---- DATA TO EXAMINE

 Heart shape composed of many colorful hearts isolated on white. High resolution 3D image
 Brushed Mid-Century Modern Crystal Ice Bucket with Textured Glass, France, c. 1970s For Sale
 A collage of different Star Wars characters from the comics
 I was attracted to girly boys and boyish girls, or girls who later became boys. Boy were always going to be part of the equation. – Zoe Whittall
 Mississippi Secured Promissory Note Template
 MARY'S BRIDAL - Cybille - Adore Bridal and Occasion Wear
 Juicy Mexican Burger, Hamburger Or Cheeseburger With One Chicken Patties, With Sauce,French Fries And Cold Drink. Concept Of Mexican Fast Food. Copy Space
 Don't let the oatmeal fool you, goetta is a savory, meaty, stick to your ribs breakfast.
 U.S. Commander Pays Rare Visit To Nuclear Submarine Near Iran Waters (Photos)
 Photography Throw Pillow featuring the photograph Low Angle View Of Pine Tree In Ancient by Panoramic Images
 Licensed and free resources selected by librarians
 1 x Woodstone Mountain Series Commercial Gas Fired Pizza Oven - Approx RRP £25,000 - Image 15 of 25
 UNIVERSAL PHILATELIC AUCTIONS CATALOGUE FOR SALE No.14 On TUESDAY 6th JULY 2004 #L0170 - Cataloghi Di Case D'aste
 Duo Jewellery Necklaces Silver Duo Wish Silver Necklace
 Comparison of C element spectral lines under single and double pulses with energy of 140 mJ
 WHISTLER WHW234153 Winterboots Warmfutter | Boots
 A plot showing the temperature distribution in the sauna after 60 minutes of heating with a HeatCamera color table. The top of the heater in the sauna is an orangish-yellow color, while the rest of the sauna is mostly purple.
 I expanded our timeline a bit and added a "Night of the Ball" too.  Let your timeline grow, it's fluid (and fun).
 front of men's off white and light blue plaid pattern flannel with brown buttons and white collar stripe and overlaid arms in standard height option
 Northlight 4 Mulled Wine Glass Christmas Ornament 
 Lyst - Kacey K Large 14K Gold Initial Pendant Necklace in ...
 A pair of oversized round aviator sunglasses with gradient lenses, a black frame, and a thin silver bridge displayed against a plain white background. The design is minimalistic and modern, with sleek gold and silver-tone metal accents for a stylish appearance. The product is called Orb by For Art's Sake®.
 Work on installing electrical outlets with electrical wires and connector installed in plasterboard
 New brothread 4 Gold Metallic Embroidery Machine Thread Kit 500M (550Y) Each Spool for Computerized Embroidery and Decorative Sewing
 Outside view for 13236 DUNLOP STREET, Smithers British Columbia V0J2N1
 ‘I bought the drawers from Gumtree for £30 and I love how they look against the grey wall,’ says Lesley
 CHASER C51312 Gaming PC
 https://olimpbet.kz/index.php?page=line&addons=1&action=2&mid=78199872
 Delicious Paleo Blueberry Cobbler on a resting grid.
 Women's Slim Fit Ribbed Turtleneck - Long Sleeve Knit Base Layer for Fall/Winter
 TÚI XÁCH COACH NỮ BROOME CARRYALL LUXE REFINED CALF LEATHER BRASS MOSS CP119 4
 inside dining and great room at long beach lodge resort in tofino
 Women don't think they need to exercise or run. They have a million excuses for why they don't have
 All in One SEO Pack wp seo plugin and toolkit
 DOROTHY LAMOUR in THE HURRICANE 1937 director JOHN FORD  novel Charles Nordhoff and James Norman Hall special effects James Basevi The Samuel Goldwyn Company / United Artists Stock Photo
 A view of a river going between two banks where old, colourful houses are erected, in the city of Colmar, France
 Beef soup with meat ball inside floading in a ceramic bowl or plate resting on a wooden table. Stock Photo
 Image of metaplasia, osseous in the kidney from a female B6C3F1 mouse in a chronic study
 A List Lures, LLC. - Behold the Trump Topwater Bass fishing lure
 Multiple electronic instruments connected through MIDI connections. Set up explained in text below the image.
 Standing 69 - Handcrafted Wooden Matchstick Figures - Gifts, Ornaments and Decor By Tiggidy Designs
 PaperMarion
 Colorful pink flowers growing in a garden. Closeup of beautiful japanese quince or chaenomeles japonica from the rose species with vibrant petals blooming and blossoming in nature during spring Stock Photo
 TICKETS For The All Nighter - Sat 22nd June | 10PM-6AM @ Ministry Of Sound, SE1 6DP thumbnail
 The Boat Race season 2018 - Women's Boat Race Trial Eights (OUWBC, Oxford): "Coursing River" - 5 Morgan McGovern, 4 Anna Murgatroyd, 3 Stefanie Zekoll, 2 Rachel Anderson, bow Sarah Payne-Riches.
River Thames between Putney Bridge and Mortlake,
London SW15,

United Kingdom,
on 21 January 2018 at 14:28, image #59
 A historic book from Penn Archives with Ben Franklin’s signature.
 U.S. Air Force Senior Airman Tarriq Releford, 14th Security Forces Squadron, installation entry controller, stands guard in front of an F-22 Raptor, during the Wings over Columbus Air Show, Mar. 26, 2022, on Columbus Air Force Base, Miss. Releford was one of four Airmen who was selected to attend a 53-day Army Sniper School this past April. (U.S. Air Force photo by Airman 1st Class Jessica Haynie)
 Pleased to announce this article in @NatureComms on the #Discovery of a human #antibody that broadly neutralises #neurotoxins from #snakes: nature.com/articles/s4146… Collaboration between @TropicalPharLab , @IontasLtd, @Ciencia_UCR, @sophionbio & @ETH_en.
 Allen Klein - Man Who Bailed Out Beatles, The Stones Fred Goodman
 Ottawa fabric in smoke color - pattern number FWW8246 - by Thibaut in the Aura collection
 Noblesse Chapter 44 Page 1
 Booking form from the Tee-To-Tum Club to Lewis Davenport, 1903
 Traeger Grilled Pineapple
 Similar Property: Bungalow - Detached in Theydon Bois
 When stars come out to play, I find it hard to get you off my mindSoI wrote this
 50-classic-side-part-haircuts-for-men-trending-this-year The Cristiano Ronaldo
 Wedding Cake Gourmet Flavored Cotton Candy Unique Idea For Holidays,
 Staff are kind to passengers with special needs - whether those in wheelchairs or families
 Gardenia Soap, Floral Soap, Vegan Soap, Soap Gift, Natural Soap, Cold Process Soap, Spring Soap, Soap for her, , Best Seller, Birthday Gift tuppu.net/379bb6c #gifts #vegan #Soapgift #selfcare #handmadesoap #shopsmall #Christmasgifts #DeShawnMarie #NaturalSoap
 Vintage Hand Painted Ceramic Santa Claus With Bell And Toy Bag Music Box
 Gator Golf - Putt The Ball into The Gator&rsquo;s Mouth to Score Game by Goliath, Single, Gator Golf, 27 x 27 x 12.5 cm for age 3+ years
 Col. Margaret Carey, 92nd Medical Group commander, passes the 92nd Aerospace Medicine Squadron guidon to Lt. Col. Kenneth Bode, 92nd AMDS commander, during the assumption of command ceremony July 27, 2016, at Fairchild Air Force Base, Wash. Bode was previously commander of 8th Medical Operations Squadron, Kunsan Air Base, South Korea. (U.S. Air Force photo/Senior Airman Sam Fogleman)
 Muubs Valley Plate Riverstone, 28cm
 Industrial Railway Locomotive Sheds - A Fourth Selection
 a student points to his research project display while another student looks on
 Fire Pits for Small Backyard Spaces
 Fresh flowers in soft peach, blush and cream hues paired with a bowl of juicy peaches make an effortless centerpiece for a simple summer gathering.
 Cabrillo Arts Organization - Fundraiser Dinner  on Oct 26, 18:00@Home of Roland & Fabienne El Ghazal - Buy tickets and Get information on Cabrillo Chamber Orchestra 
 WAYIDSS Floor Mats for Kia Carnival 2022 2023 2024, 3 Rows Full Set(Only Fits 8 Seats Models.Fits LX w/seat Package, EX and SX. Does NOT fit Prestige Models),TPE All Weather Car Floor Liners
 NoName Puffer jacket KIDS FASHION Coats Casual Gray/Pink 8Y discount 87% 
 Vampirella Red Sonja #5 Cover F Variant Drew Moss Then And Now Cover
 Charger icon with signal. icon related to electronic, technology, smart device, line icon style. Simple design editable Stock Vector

--------

### WHAT IS BEING ASKED
Search the entries above for "during". Return every line that has it.

### TASK SOLUTION
 Colorful pink flowers growing in a garden. Closeup of beautiful japanese quince or chaenomeles japonica from the rose species with vibrant petals blooming and blossoming in nature during spring Stock Photo
 U.S. Air Force Senior Airman Tarriq Releford, 14th Security Forces Squadron, installation entry controller, stands guard in front of an F-22 Raptor, during the Wings over Columbus Air Show, Mar. 26, 2022, on Columbus Air Force Base, Miss. Releford was one of four Airmen who was selected to attend a 53-day Army Sniper School this past April. (U.S. Air Force photo by Airman 1st Class Jessica Haynie)
 Col. Margaret Carey, 92nd Medical Group commander, passes the 92nd Aerospace Medicine Squadron guidon to Lt. Col. Kenneth Bode, 92nd AMDS commander, during the assumption of command ceremony July 27, 2016, at Fairchild Air Force Base, Wash. Bode was previously commander of 8th Medical Operations Squadron, Kunsan Air Base, South Korea. (U.S. Air Force photo/Senior Airman Sam Fogleman)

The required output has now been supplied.